In 1959, Yang Jisheng watched the uncle who raised him starve to death during Mao’s Great Famine. In 2008, he published Tombstone in Chinese in Hong Kong. The tome took him over a decade to research and acts as an exhaustive monument to the tens of millions who died during the worst famine recorded in world history. Yang begins the story by attempting to make sense of his own childhood tragedy.
He was a schoolboy in the late 1950s and editor of his school newspaper, Young Communist. Like the majority of his generation bought up on a diet of propaganda, he was an ardent believer in Mao Zedong and the Chinese Communist Party (CCP). In spring 1959, Yang returned to his home village from school to discover his uncle on his deathbed. Anything edible had long since being consumed: the dogs had been cooked, the elm tree in their yard stripped for bark to boil, the pond dredged for molluscs. Yang came bearing rice, but it was too late.

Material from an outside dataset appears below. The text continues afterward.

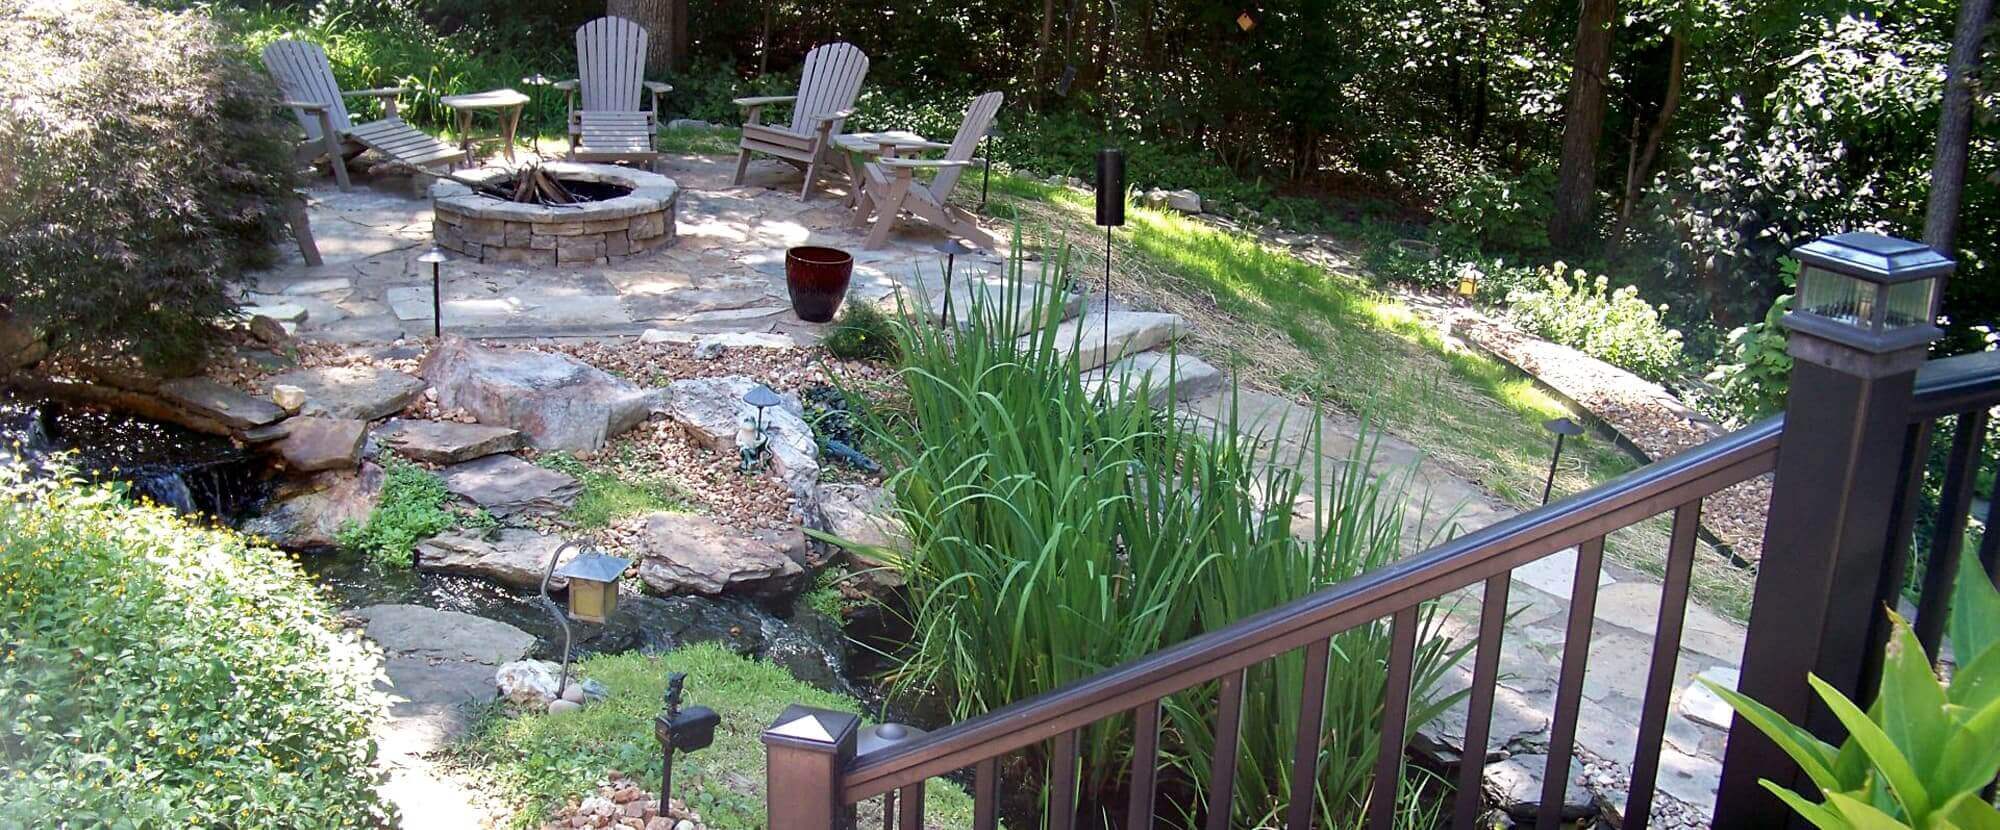 St Louis Landscaping Company Malone, St Louis Landscaping Companies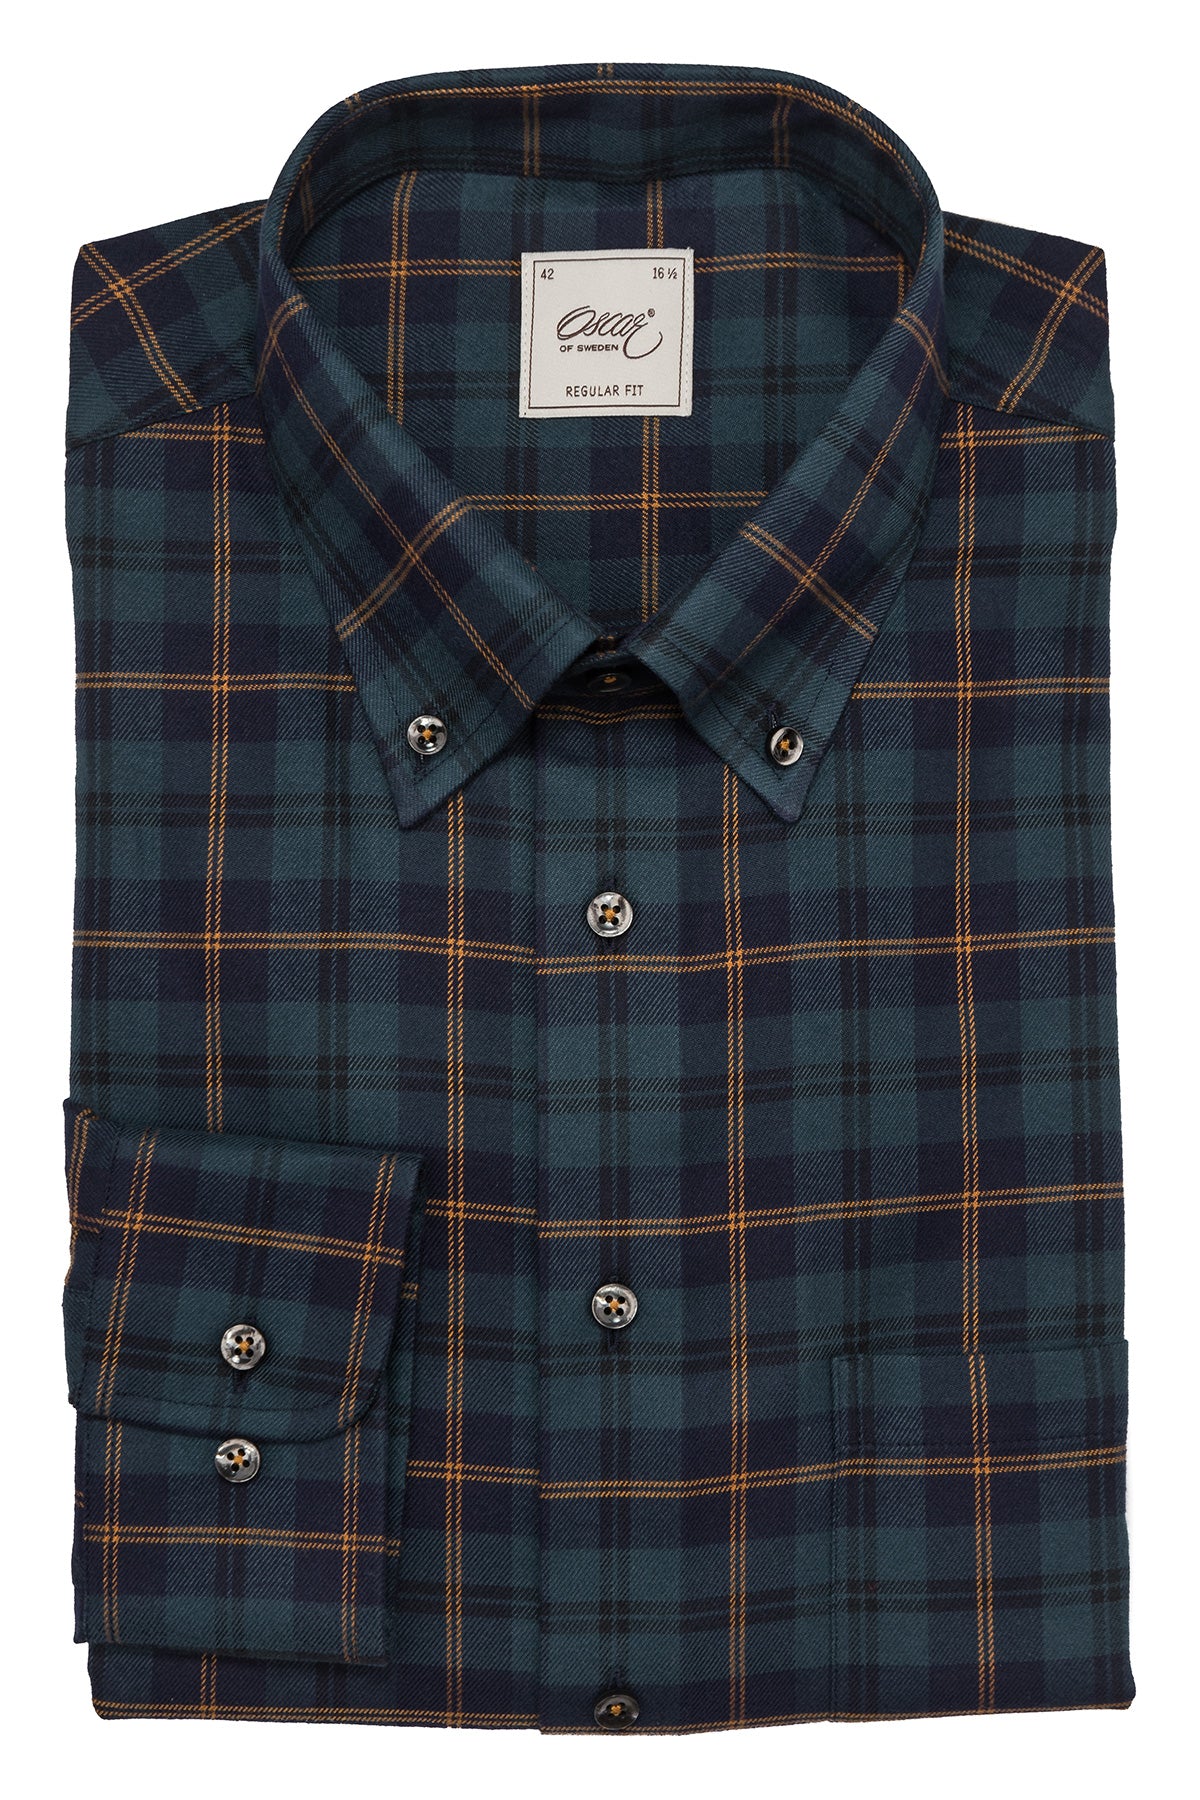 Green checked flannel button down regular fit shirt

Some 36 million died during the Great Famine, according to the author. (The Dutch historian Frank Dikötter has gone further, calculating that 45 million died in his book Mao’s Great Famine.) Yang points out that the famine occurred during a period of normal climate patterns with no wars or epidemics. Yet its death toll was greater than the First World War.
Famines, as the Nobel Prize-winning economist Amartya Sen argues, are political: no large famine has ever occurred in a country with a democratic leadership and free press. The Great Famine was a result of Mao’s disastrous Great Leap Forward in which he extolled rapid industrialisation and agricultural collectivisation. Yet when the polices went wrong, there was no one to correct them. The Party controlled every outlet of information. For his part, Yang believed for years that his uncle’s demise was an isolated tragedy rather than directly caused by the state’s actions.
Tombstone is therefore a bold plea for China to take responsibility. So far, it has gone unheeded. The Great Famine is still referred to erroneously as the “three years of natural disasters” in the mainland. Any official acknowledgement of the tragedy is unforthcoming, largely because the Party which oversaw the disaster remains in power today. Tellingly, Tombstone is banned in mainland China and no full account of the famine has ever been published there.
For this reason, Tombstone is a vital testament of a largely buried era. Wisely, Yang’s superb translators Stacy Mosher and Guo Jian have cut the book to one volume for the English edition. It is not a Western-style historical narrative. Rather, Yang has provided an exhaustive, unrelenting log of abuses. Key to the book is uncovering the role of violence, which added to the toll.
Officials falsified data to meet procurement quotas. Peasants were forced to hand over grain and rely on communal kitchens. Those who objected, or who tried to hide grain, were tortured or starved to death. Some were hung upside down and beaten; others had bamboo driven into their hands or had their ears cut off. Ideology more often than not trumped common sense. Parts of Tombstone are particularly sobering because of Yang’s non-sensationalist presentation of data. Survival techniques are no less shocking. Many of the starving turned to cannibalism, digging up dead bodies to cook.
Why did China’s leaders allow such erroneous policies to continue? Mao, and other leaders, knew what was going on but refused to change their course. Yang is, above all, at pains to blame the system of totalitarianism. Democracy, he concludes, is the only solution which will prevent further catastrophes.